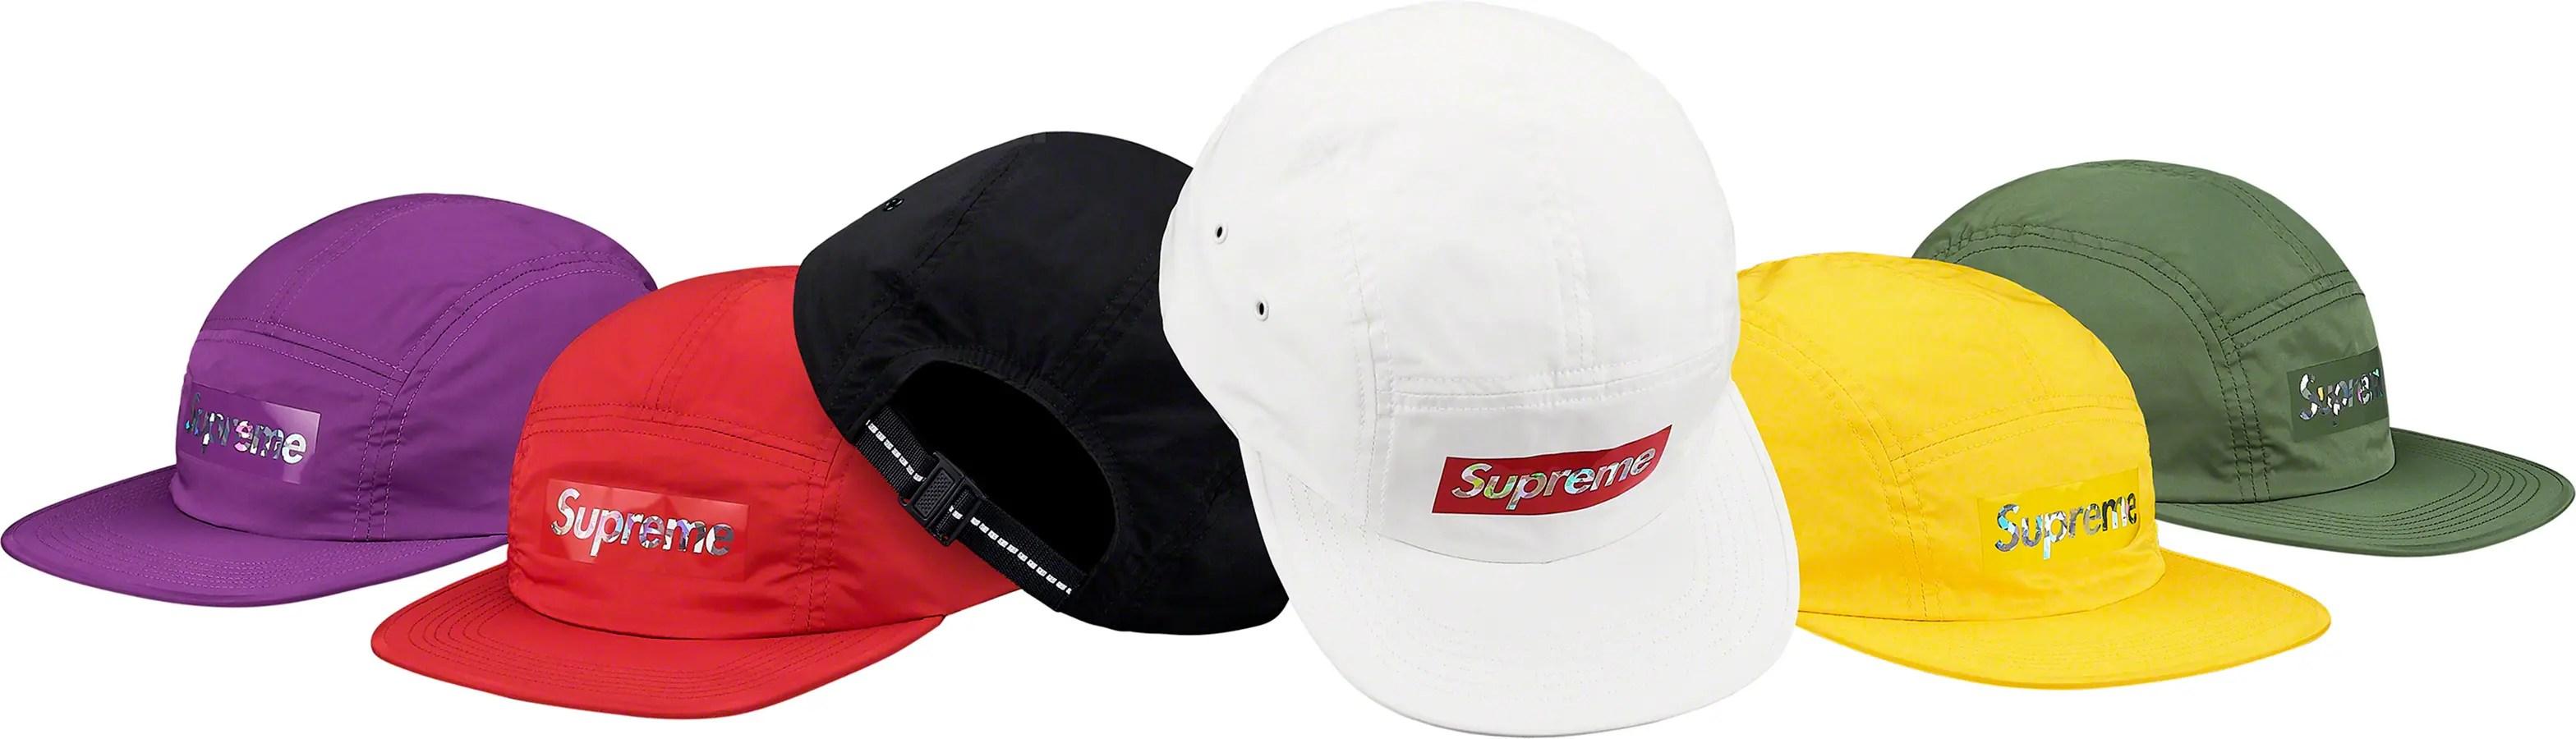 【ハット キャップ/HATS CAPS まとめ】 シュプリーム (SUPREME) 2019 SPRING/SUMMER コレクション (2019年 春夏)
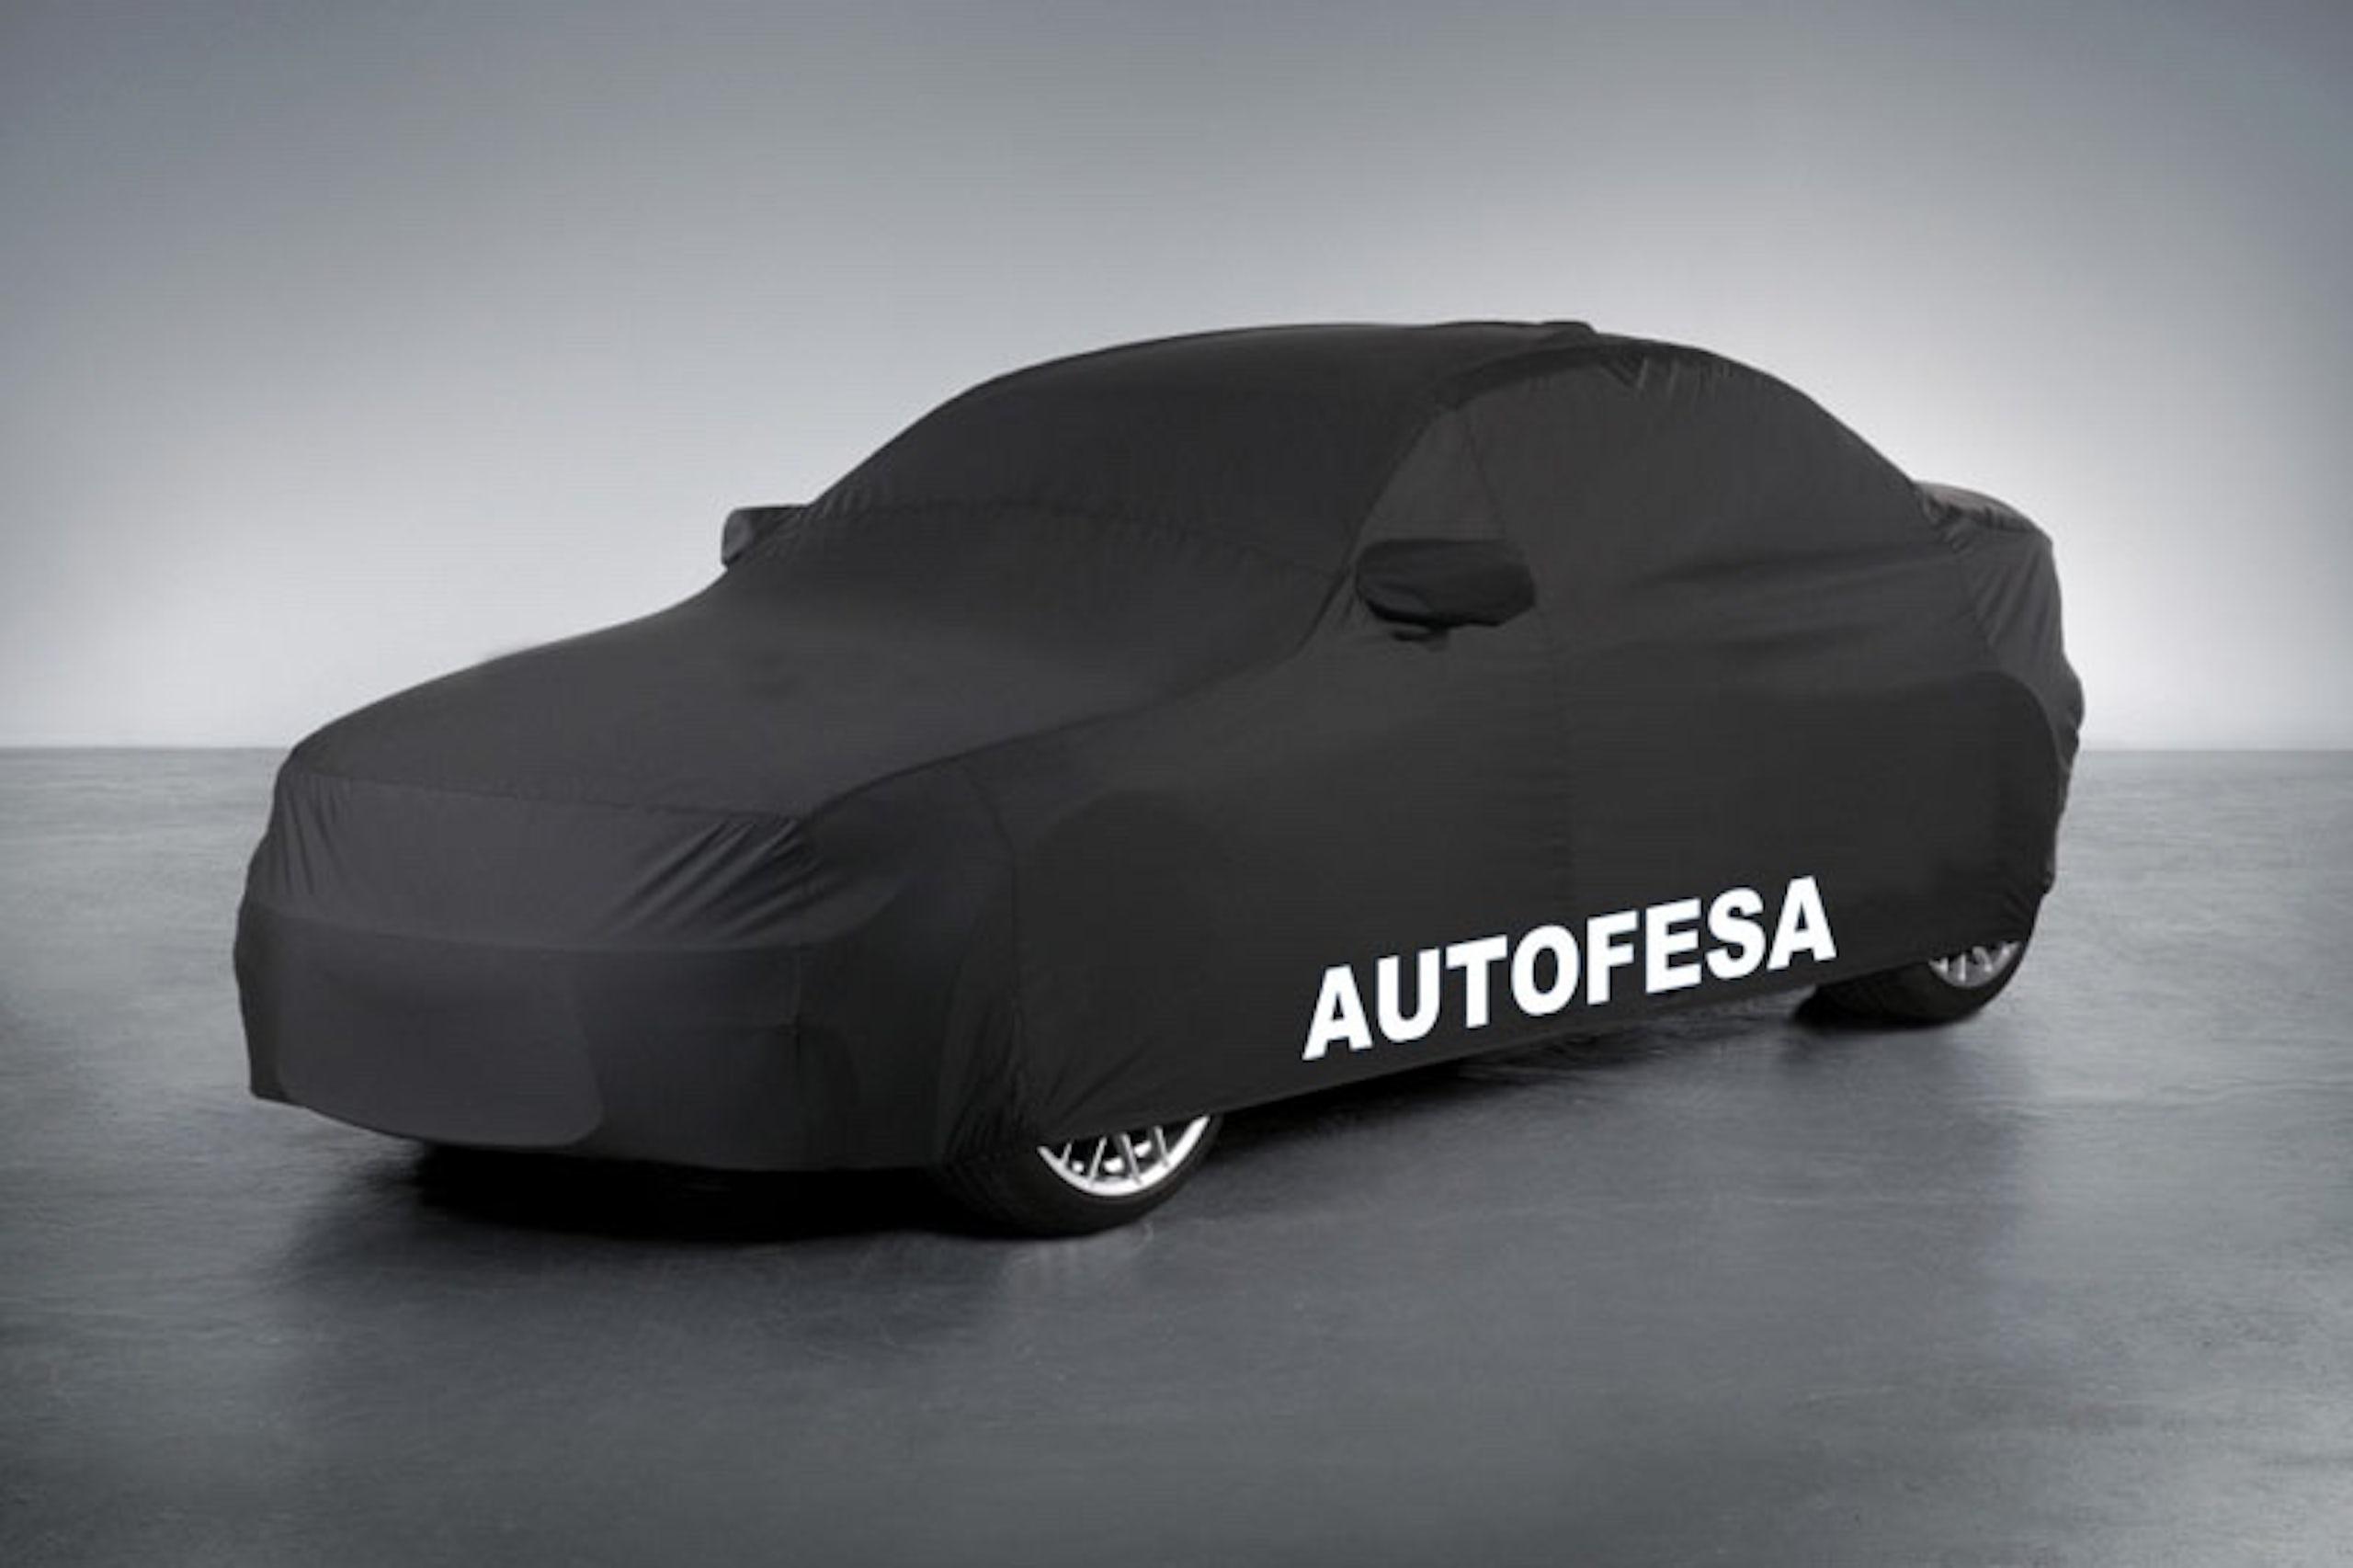 Audi A4 Avant 2.0 TDI 190cv quattro 5p S tronic Auto S/S - Foto 28
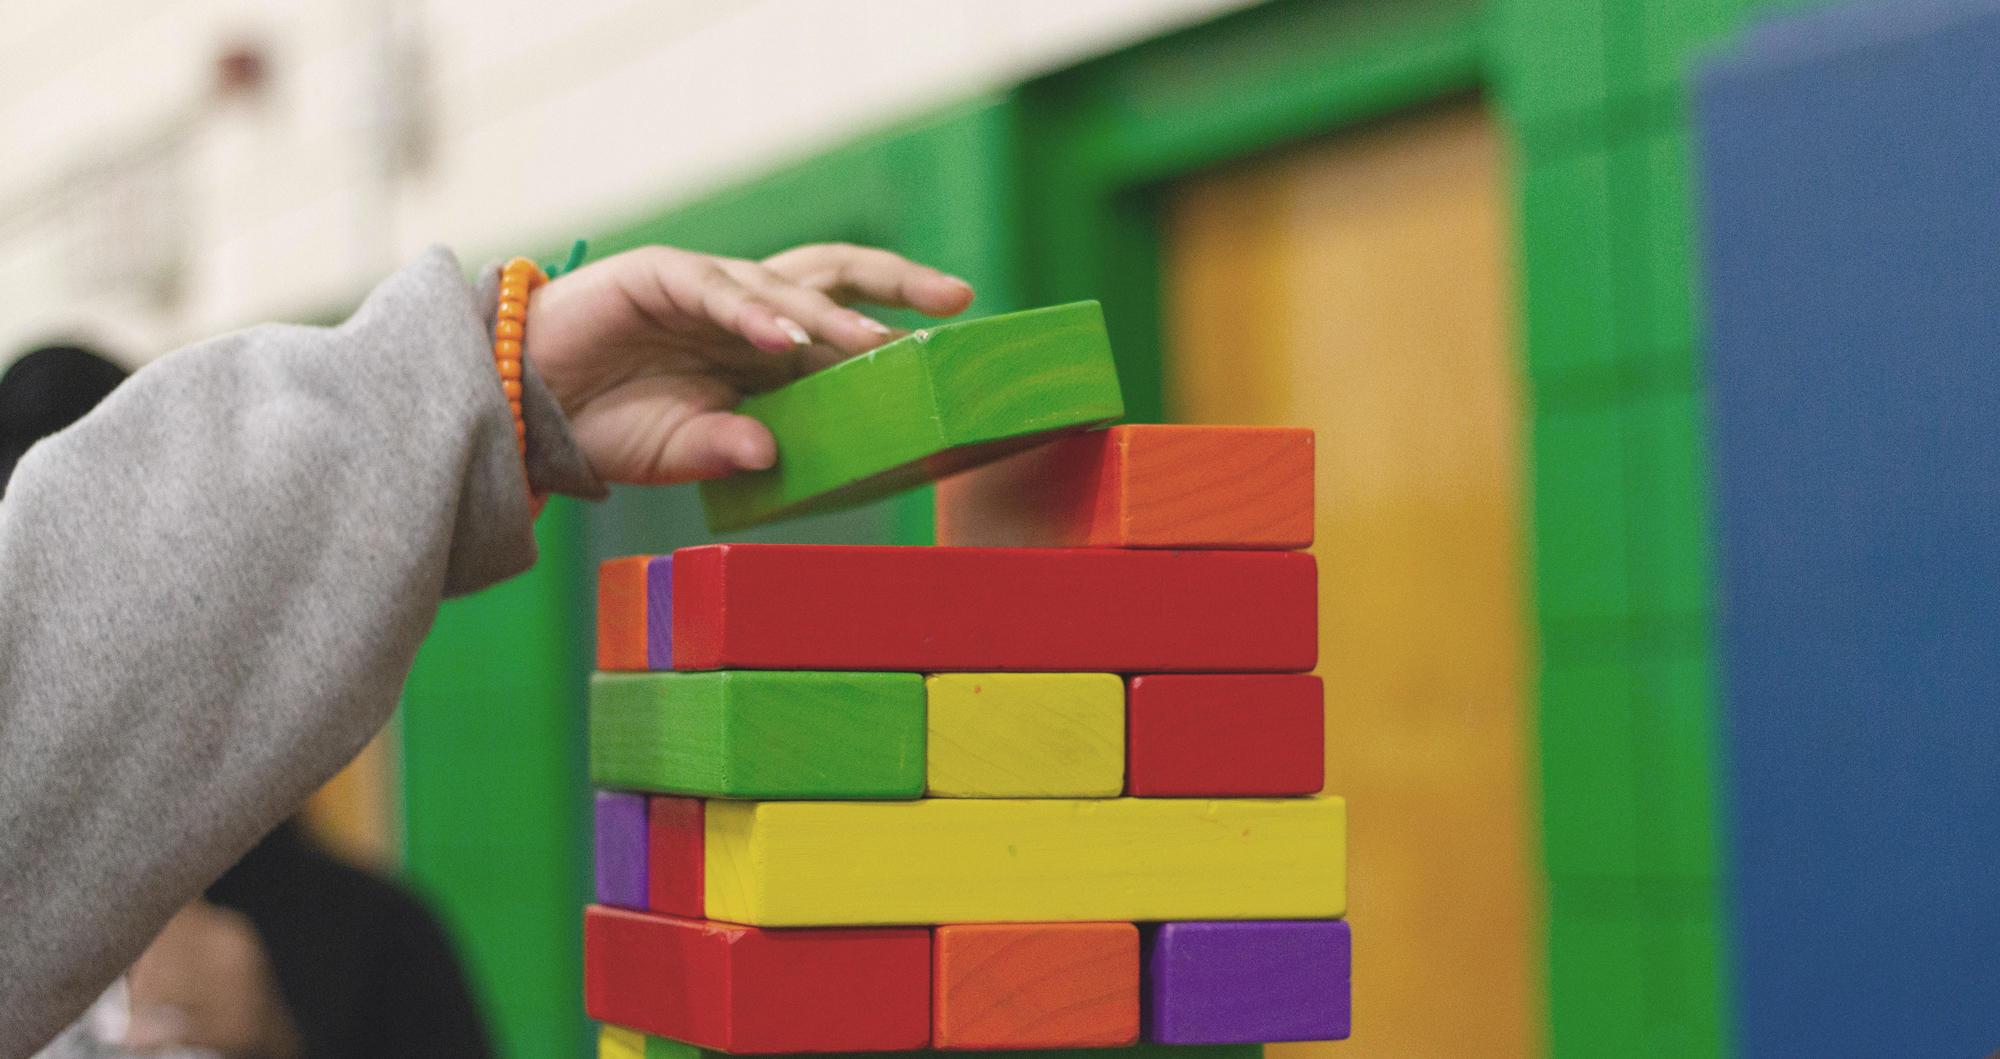 Regjeringen krever legeerklæring for omsorgspenger

---

● Exercise directions
Everything in the data except the pictures must be retyped exactly.

● Response area
 【ハット キャップ/HATS CAPS まとめ】 シュプリーム (SUPREME) 2019 SPRING/SUMMER コレクション (2019年 春夏)
 Audi A4 Avant 2.0 TDI 190cv quattro 5p S tronic Auto S/S - Foto 28
 Regjeringen krever legeerklæring for omsorgspenger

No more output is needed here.